_ASSIGNMENT_
From the material beneath, pull every line with the word "Design".

_MATERIAL SUPPLIED_
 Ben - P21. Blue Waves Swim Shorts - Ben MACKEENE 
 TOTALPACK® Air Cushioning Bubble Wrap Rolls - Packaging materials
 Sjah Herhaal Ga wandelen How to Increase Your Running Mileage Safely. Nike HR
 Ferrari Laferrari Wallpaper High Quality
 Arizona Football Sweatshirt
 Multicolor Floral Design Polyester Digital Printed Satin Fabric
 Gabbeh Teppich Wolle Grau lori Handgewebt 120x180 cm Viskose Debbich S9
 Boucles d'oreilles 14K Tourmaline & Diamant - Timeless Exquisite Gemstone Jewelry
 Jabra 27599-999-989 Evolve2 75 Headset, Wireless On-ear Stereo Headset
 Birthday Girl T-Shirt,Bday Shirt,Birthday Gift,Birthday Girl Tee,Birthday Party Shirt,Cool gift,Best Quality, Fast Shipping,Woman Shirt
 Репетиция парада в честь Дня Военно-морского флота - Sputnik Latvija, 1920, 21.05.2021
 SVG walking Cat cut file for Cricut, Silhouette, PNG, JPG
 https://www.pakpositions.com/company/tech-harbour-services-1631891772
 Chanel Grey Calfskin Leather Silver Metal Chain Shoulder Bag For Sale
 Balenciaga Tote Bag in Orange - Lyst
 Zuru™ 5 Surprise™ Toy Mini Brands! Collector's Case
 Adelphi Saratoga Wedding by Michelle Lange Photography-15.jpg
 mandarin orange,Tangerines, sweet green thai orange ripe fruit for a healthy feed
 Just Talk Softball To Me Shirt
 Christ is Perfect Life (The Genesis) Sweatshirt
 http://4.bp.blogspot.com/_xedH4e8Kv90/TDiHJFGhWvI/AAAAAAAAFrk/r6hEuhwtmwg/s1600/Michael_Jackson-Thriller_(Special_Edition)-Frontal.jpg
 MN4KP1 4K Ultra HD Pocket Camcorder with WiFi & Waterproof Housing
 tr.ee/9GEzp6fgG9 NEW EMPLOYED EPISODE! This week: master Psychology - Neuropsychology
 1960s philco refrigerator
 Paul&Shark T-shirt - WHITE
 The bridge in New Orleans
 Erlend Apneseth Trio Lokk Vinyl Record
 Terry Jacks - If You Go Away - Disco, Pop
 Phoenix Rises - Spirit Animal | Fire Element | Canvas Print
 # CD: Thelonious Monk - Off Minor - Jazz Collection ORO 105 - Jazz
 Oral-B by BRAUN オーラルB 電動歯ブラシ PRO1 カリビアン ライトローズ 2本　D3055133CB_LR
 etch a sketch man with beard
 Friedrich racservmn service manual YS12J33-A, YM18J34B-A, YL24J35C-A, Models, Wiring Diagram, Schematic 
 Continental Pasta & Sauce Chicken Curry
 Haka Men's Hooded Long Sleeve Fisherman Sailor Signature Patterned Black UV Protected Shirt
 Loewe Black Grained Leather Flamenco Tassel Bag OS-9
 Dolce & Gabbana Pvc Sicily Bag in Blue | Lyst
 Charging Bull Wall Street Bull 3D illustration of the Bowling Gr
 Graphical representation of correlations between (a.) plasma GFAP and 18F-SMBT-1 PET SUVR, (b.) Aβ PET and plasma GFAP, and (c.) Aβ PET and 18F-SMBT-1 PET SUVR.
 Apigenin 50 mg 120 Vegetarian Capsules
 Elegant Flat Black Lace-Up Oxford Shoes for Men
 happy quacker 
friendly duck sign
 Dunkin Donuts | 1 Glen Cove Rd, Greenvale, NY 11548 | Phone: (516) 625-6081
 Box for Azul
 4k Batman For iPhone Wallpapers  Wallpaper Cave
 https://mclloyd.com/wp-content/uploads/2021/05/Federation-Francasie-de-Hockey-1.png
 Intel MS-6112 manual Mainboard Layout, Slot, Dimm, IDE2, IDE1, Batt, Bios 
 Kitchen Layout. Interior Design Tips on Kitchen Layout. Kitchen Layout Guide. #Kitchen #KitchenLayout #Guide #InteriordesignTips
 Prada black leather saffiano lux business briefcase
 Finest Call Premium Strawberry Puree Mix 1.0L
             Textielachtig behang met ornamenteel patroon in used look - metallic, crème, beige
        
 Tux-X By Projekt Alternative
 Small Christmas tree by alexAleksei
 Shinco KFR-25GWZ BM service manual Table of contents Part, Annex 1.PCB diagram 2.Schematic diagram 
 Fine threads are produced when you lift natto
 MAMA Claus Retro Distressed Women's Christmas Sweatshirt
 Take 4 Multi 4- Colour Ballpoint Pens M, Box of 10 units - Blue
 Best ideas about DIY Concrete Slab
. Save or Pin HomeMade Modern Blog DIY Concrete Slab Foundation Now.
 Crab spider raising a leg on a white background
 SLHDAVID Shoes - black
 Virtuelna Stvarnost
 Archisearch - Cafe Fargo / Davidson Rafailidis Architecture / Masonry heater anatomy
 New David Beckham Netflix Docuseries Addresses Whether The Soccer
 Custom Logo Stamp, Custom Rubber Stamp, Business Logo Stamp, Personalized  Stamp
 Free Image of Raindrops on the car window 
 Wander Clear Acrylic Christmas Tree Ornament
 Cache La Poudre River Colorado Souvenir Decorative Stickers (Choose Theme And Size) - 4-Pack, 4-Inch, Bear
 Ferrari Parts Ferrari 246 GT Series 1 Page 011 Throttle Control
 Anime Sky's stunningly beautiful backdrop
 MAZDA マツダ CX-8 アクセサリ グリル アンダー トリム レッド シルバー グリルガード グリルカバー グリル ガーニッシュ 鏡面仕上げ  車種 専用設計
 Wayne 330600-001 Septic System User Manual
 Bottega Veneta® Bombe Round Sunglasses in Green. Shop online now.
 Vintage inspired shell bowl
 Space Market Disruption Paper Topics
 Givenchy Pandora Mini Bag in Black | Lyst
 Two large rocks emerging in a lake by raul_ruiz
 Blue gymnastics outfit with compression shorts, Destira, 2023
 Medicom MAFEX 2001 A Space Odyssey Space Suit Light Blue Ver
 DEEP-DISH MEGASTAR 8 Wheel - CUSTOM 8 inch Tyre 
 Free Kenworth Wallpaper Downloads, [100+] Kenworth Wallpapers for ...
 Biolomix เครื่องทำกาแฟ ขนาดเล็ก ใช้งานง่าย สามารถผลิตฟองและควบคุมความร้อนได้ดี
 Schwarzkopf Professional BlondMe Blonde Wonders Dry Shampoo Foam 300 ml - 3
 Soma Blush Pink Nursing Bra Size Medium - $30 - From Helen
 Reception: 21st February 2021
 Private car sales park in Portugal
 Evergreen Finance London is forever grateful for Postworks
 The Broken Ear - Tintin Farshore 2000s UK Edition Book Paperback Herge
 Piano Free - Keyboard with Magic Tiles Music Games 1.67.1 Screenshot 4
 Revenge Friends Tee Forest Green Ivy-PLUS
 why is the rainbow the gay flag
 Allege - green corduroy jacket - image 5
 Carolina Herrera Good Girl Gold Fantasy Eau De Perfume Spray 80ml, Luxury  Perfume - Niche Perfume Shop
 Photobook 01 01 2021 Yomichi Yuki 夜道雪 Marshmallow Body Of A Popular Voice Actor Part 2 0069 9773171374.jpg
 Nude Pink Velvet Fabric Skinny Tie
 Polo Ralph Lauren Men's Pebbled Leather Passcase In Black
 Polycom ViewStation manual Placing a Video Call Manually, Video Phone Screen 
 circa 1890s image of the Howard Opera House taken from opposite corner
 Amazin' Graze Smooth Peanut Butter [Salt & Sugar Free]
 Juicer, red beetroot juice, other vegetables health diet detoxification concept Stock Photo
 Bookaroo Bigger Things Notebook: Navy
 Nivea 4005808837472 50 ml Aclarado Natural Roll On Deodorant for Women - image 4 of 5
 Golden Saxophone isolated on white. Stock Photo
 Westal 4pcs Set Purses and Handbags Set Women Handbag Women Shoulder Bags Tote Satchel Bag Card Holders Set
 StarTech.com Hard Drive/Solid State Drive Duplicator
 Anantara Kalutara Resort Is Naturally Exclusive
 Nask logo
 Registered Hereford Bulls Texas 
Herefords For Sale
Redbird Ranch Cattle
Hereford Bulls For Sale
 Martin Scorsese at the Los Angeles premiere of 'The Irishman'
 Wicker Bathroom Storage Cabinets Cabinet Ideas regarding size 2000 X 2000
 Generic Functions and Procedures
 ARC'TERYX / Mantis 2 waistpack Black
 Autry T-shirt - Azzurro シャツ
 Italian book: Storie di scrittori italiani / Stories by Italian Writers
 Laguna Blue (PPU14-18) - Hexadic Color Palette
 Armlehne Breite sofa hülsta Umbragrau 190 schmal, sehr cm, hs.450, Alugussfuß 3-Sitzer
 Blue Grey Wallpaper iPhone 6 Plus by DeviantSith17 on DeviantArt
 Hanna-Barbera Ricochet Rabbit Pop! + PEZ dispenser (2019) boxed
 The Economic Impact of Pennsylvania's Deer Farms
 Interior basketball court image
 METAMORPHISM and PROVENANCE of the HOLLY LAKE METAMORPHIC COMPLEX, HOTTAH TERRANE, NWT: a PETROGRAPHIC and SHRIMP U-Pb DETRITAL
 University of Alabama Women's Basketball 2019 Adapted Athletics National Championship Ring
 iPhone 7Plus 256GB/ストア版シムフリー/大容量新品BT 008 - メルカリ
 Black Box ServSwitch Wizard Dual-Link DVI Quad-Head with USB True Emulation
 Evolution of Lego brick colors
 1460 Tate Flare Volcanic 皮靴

_RESPONSE TO THIS EXERCISE_
 Multicolor Floral Design Polyester Digital Printed Satin Fabric
 Kitchen Layout. Interior Design Tips on Kitchen Layout. Kitchen Layout Guide. #Kitchen #KitchenLayout #Guide #InteriordesignTips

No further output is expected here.